Instructions to follow: With the line containing "Onderbreking Zeemeeuw Heup" as the start and the line containing "3d Elf - Alluring" as the end, transcribe that span of the entries below exactly, including both.

**** Records provided

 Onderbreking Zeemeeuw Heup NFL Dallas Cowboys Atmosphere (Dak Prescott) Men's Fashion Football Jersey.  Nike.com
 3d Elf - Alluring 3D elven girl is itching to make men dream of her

********
**** Records provided

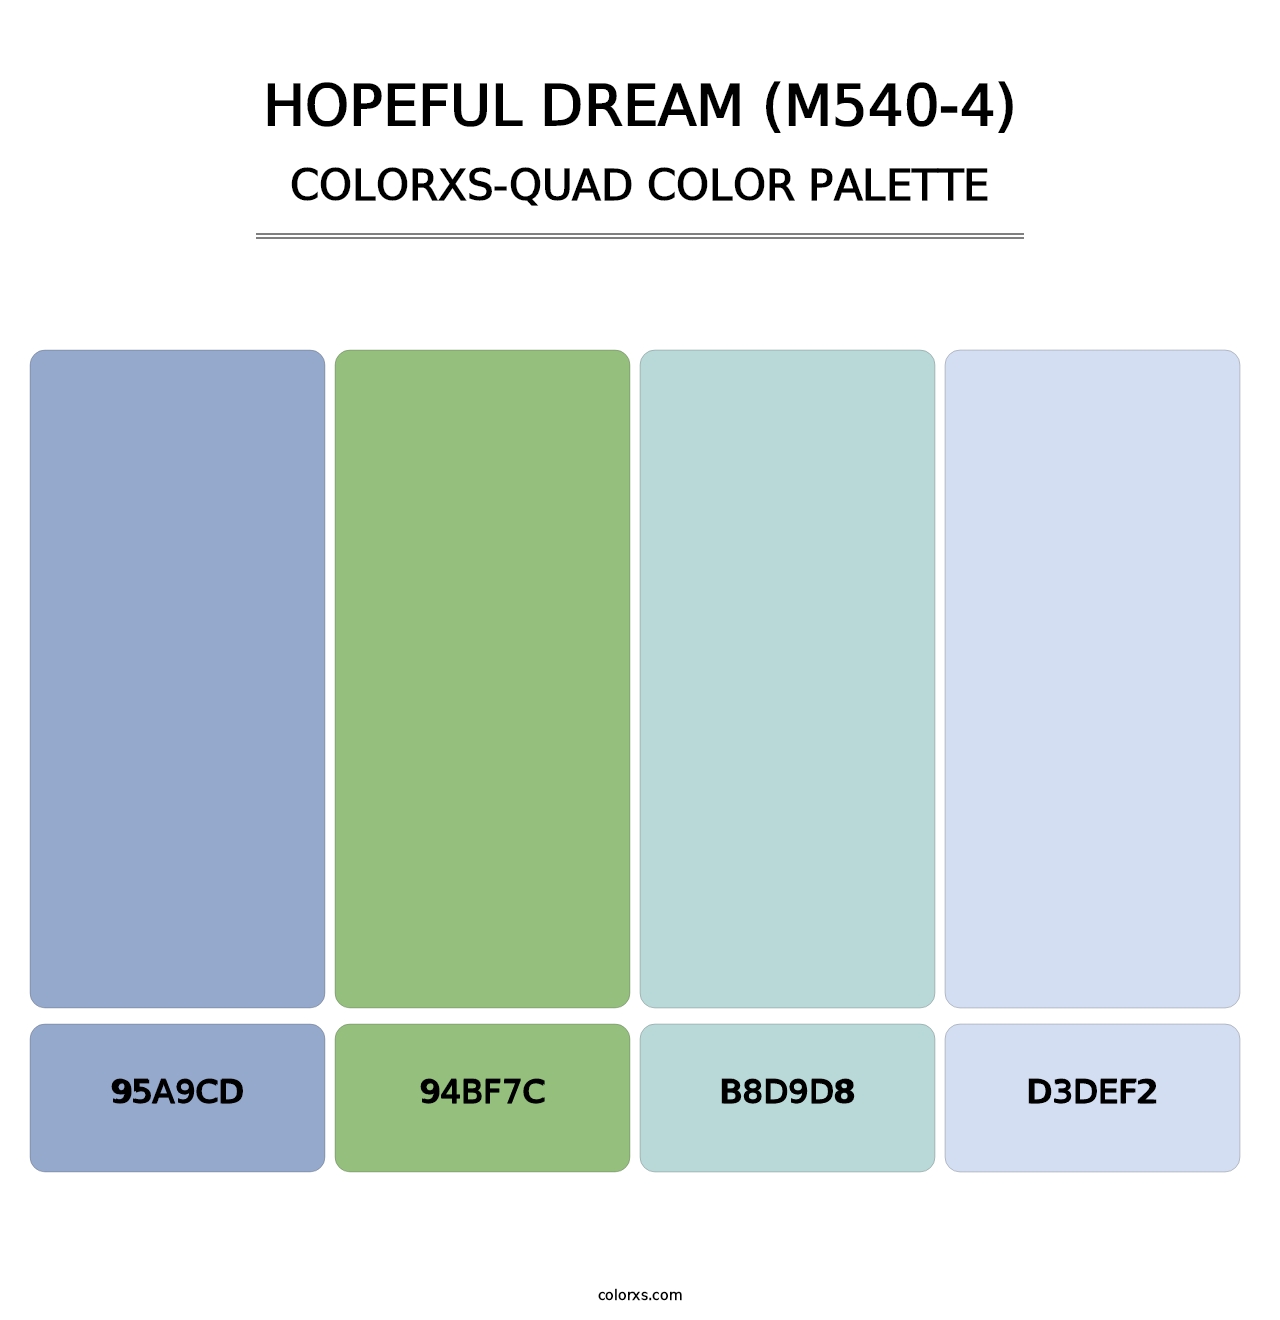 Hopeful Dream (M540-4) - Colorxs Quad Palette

********

Answer below:
 Onderbreking Zeemeeuw Heup NFL Dallas Cowboys Atmosphere (Dak Prescott) Men's Fashion Football Jersey.  Nike.com
 3d Elf - Alluring 3D elven girl is itching to make men dream of her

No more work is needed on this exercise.